Summary
Boundary effects are often observed in buildup data—or at least that is the
conclusion frequently drawn from an observed increase in derivative on a
log-log plot or an increase in slope on a semilog plot. Furthermore, if (for
instance) it is concluded that the effects of a sealing fault are seen in a
given data set, then simple line methods or direct analytical-modeling efforts
are normally used to determine the distance to the boundary. A sealing fault is
the normal choice of boundary model if a doubling is observed in derivative or
semilog slope. If a four-fold increase in derivative is observed, then a model
with the well placed somewhere between two sealing faults forming a right angle
would be a normal choice. But what if the two faults are not sealing? If the
flow capacity on the other side of the faults is only one-third of the value on
the well side, what will be the derivative characteristics?
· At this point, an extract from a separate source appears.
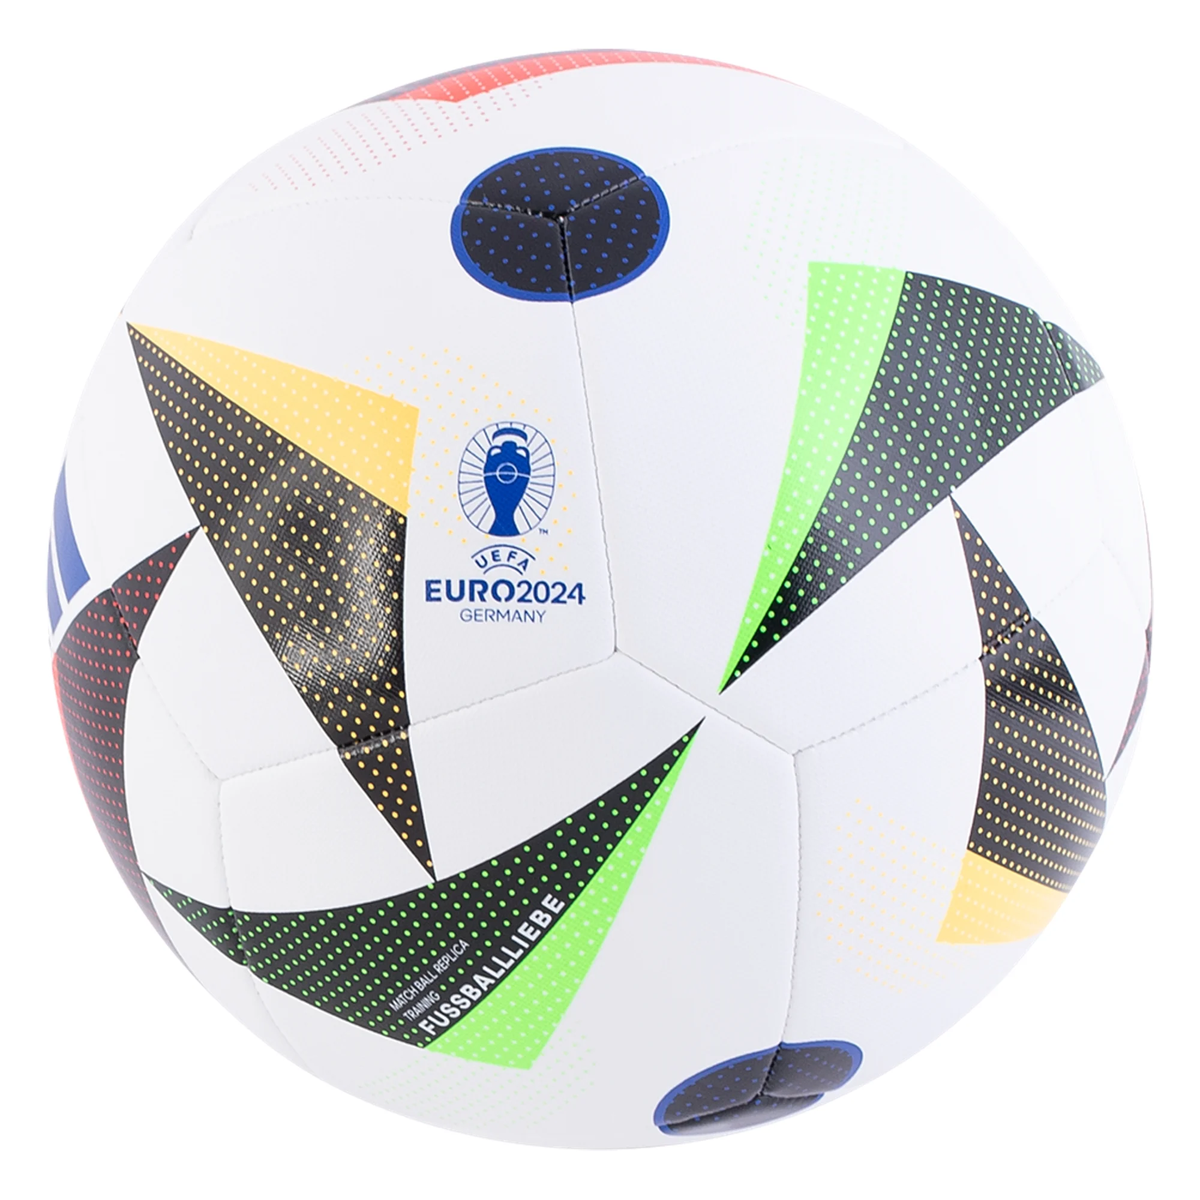 adidas UEFA Euro 2024 Training Ball (White/Black/Glory Blue) Soccer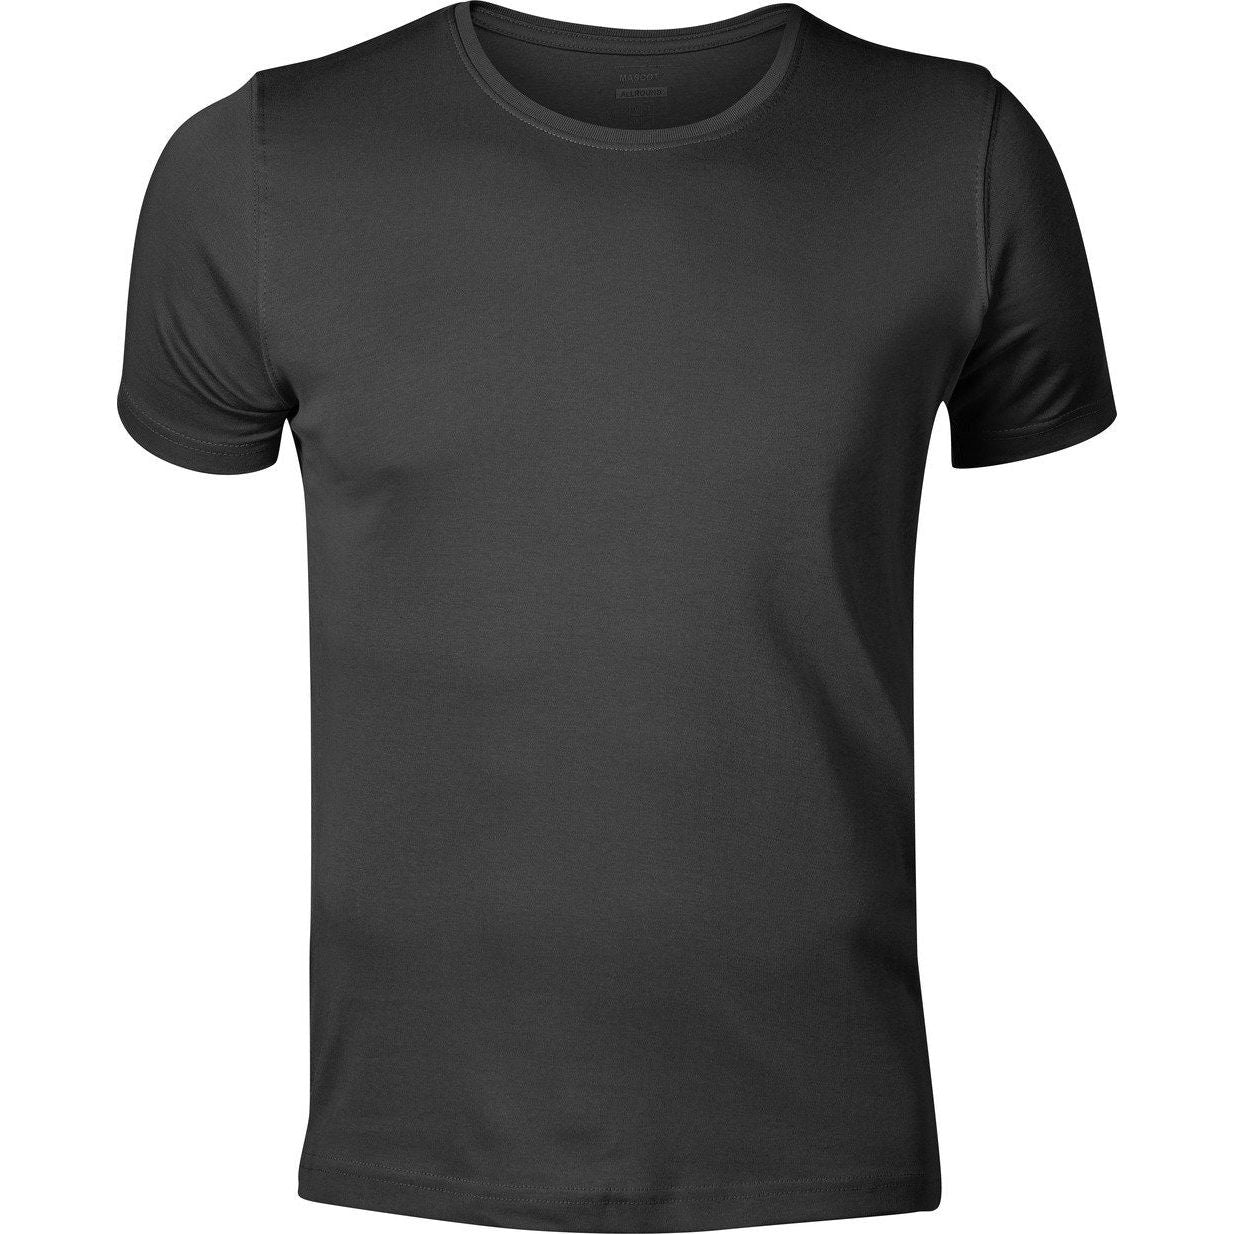 Mascot Vence T-shirt Slim-Fit Dark Anthracite Grey 51585-967-18 Front

Problems like these are addressed in detail in this paper, with a series of
simple rules given for possible combinations that will generate buildup data of
a specific type (i.e., with specific “familiar characteristics”). The rules can
be used to list alternative interpretations without running separate analyses.
For instance, it is shown that the derivative characteristics of any sector
model bounded by sealing faults correspond to an infinite number of two-zone
sector models with an angle between the boundaries and permeability contrast
satisfying a single equation. Other pairs of models with similar
characteristics are models with partially sealing faults and specific
three-zone sector models, and either of these types of models and radial
composite models. This clearly complicates analyses.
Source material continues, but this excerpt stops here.